►

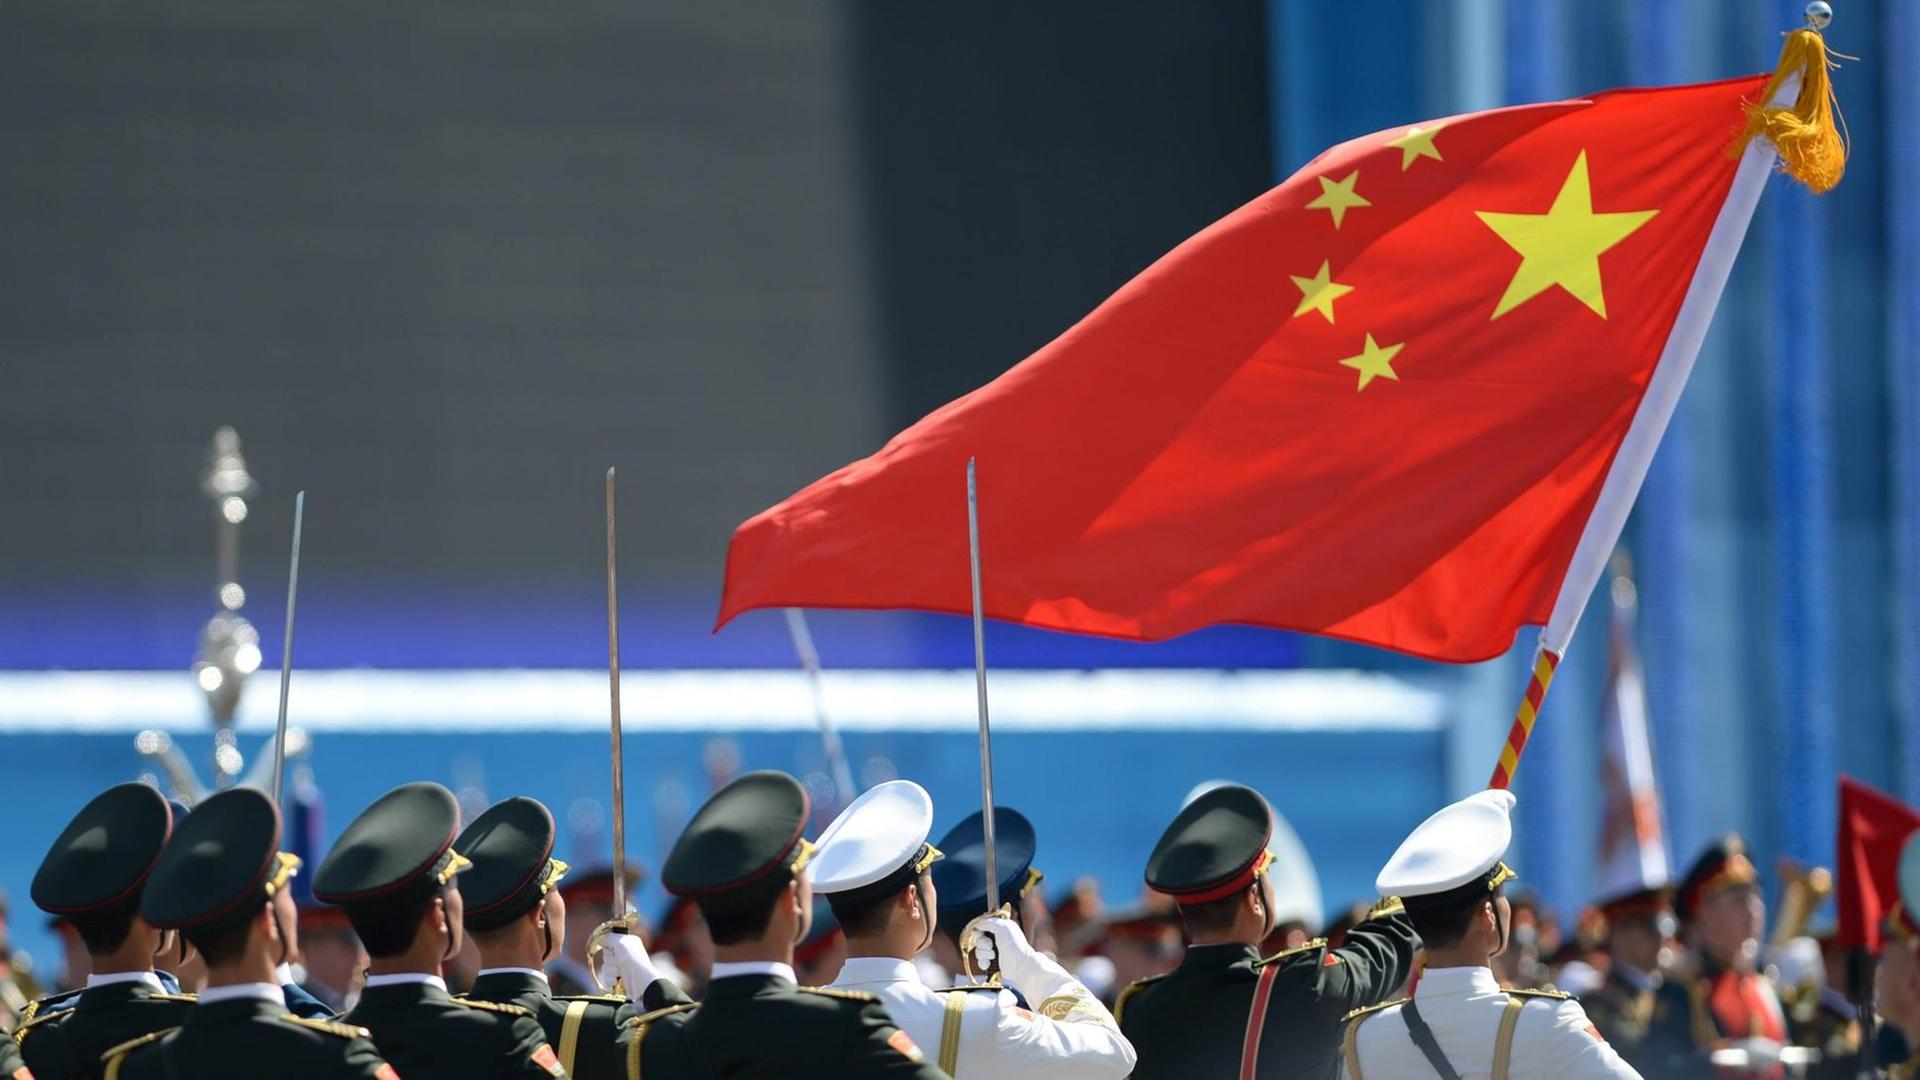 Chinas Selbstbewusstsein ist in den letzten Jahren markant gewachsen, sagt der Politologe Eberhard Sandschneider. Ehrengarde der Chinesischen Befreiungsarmee bei einer Militärparade.
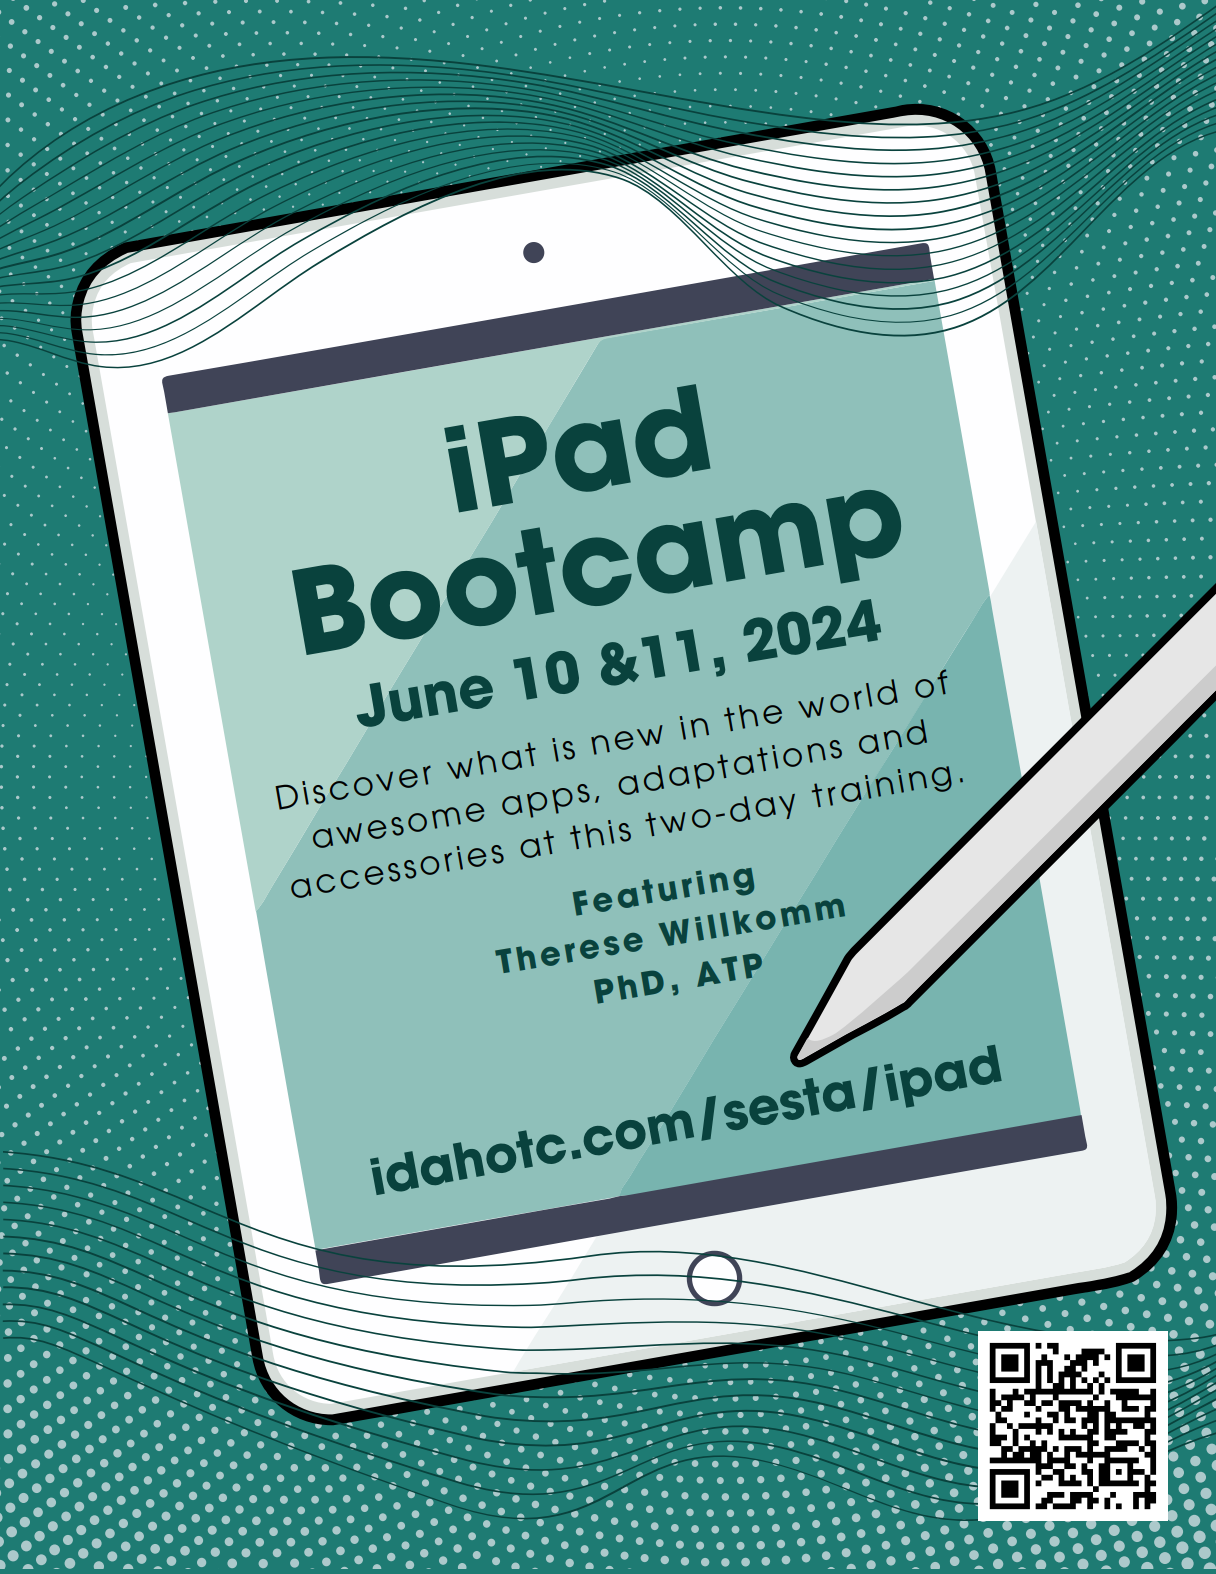 ipad bootcamp flyer
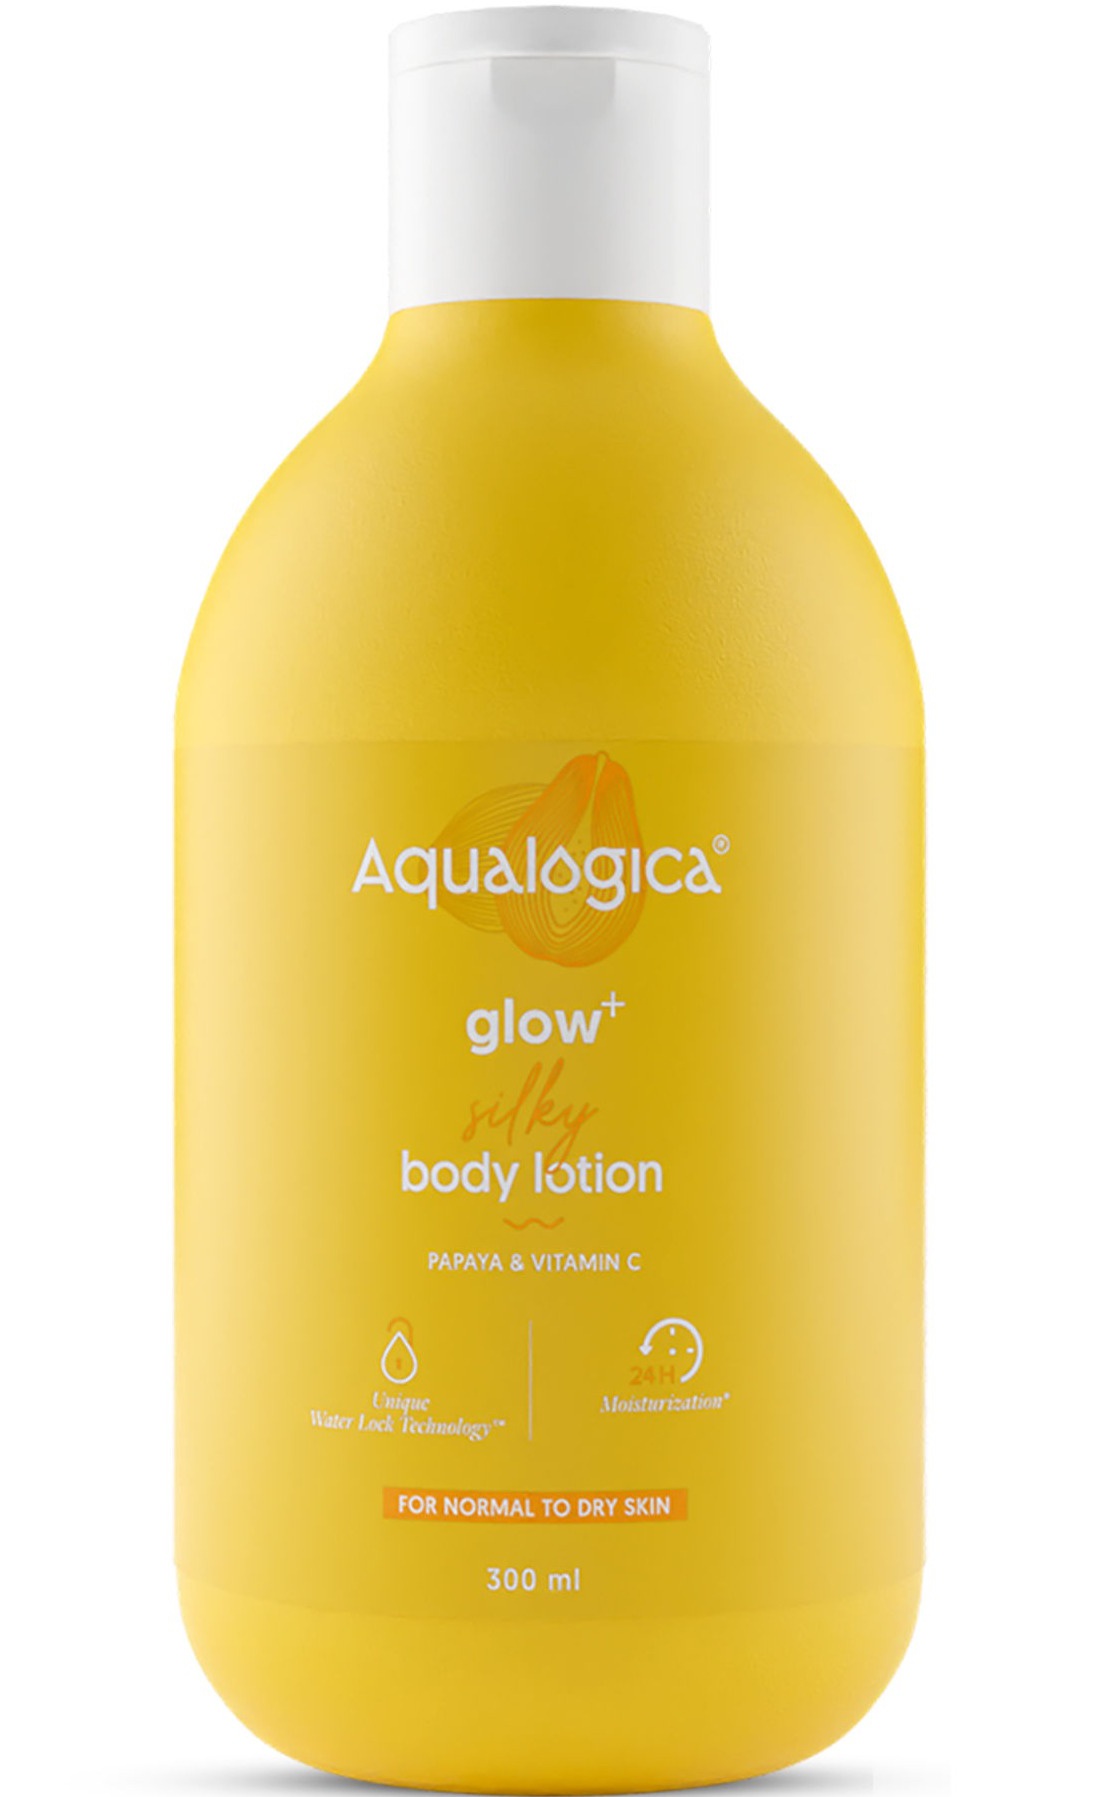 Aqualogica Glow + Silky Body Lotion

◄

§ **Task directions**: Return the material exactly as it reads, though without the pictures it holds.

§ **Worked solution**:
 Chinas Selbstbewusstsein ist in den letzten Jahren markant gewachsen, sagt der Politologe Eberhard Sandschneider. Ehrengarde der Chinesischen Befreiungsarmee bei einer Militärparade.
 ipad bootcamp flyer
 Aqualogica Glow + Silky Body Lotion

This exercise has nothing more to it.